Clang presents character error too large but Visual Studio compiles normal

3

I'm having trouble understanding why clang presents the error message

  

character too large for enclosing character literal type

when trying to run the code:

char c = 'ç';

While Visual Studio 2015 compiles seamlessly. I know that different compilers can and do have their different implementations. And that ç is outside of the ASCII table, that the numeric value must be greater than 127 so Clang informs that it can not store within type char . But I would still like to know:

Why does not Clang allow me to use 'ç' as a char while Visual Studio allows? Is something predefined in Visual Studio? Any option based on my system language?

Why does Visual Studio return the "correct" value in string functions, as strlen even passing strings with accents?

Example: strlen("opção"); Returns 5 in Visual Studio, I expected the return to be 7 as Clang returns.

    
asked by anonymous 24.06.2016 / 23:08

1 answer

3

First: compiling or working is different from being right. Every programmer should have this very clearly. You did well to ask here to understand why it works or not.

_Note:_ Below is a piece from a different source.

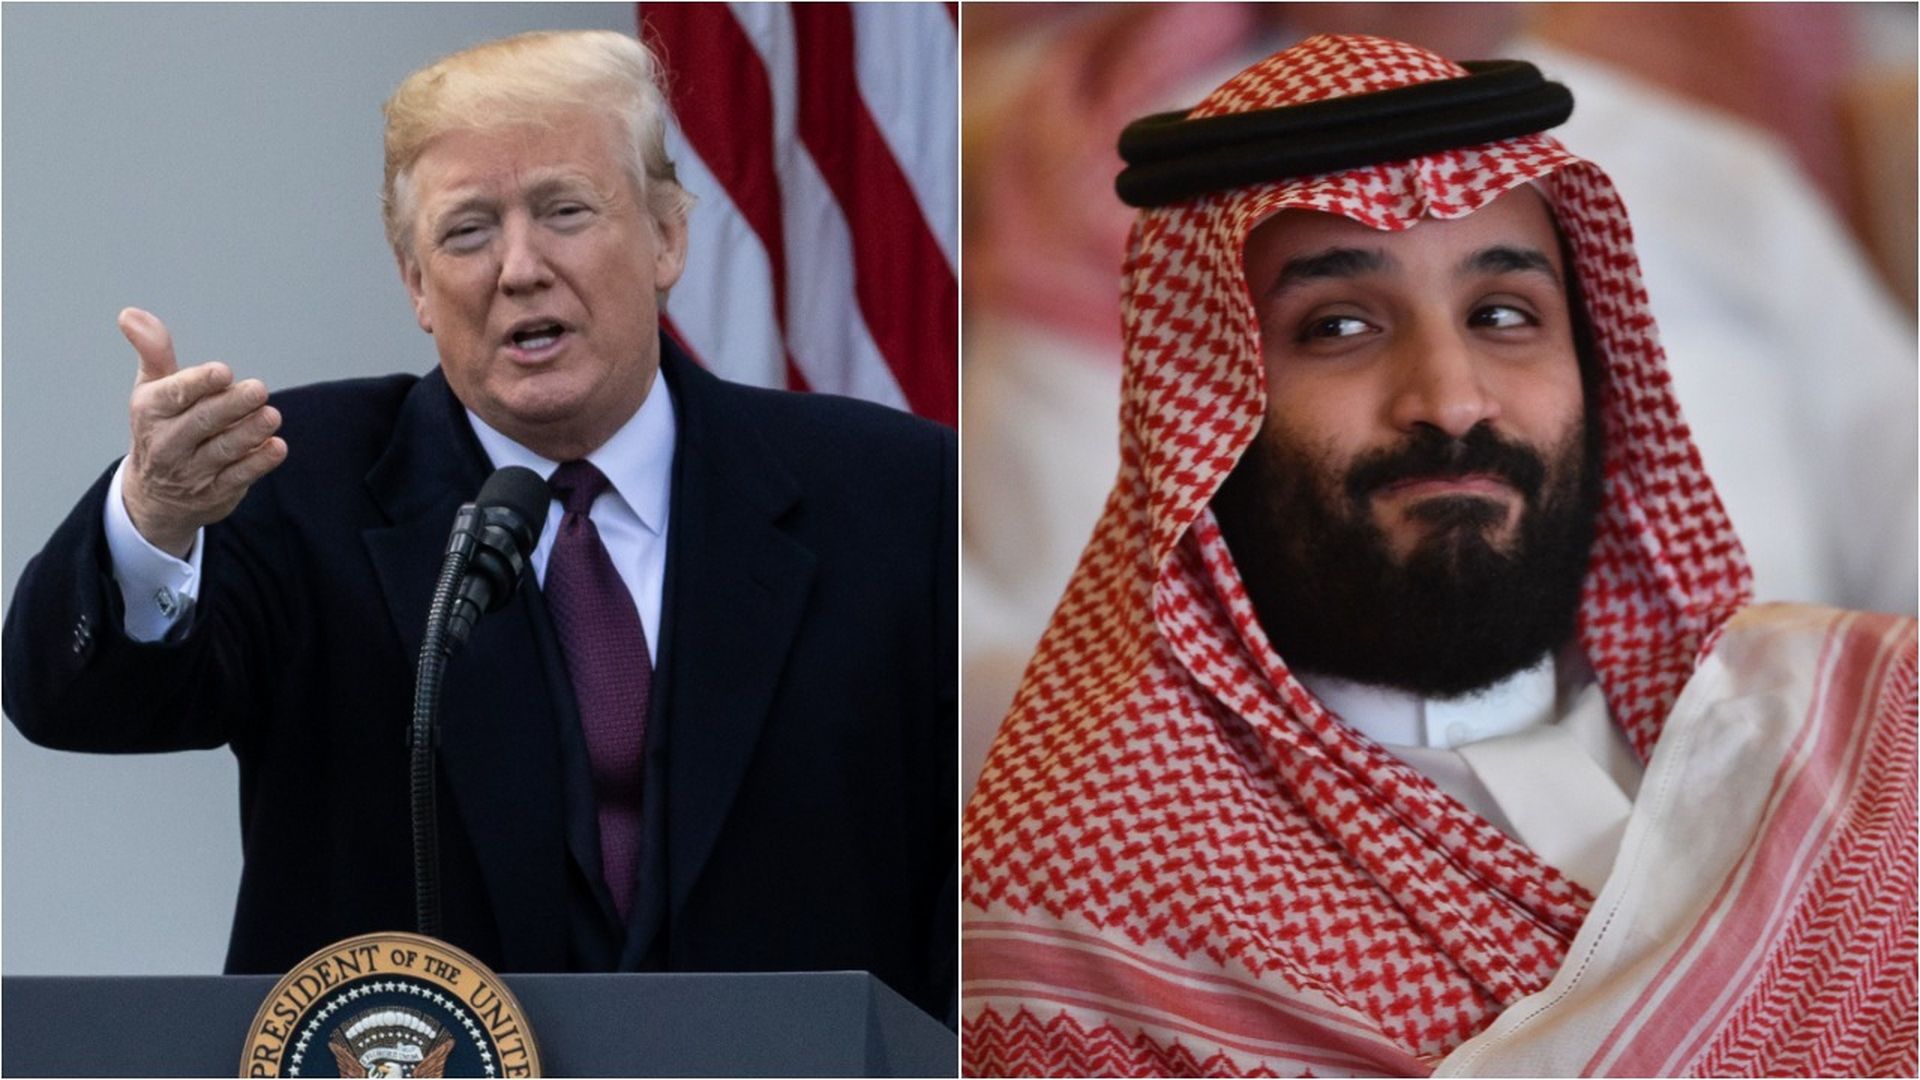 A split-screen image of President Trump and Mohammed bin Salman.

I do not have official information (I found some loose information that indicates this), but I can infer that the Microsoft C compiler, which happens to be used in Visual Studio, is using one-byte character encoding, possibly Windows 1252. This uses an extended ASCII table (which only has 127 characters) allowing for some accented characters. It will not work with characters that are outside this small 255-character table.

Recently the new compiler has better control how to handle it .

It's clear to me that Clang uses UTF-8 by default (I even read in some unofficial places that's it), which is a multi-byte encoding. When using characters other than the ASCII table it must be represented by 2 or more bytes.

This explains why char does not work, after all the C specification clearly states that this type must have 1 byte always.

The function strlen() returns the correct value, after all it is proposed to return the number of bytes, not of characters.

I'd still advise looking through the documentation to see if it's even standard coding.

Use wchar_t to ensure a multi-byte type. Or wstring in C ++.

Read about the C-string multi-byte functions .

    
24.06.2016 / 23:51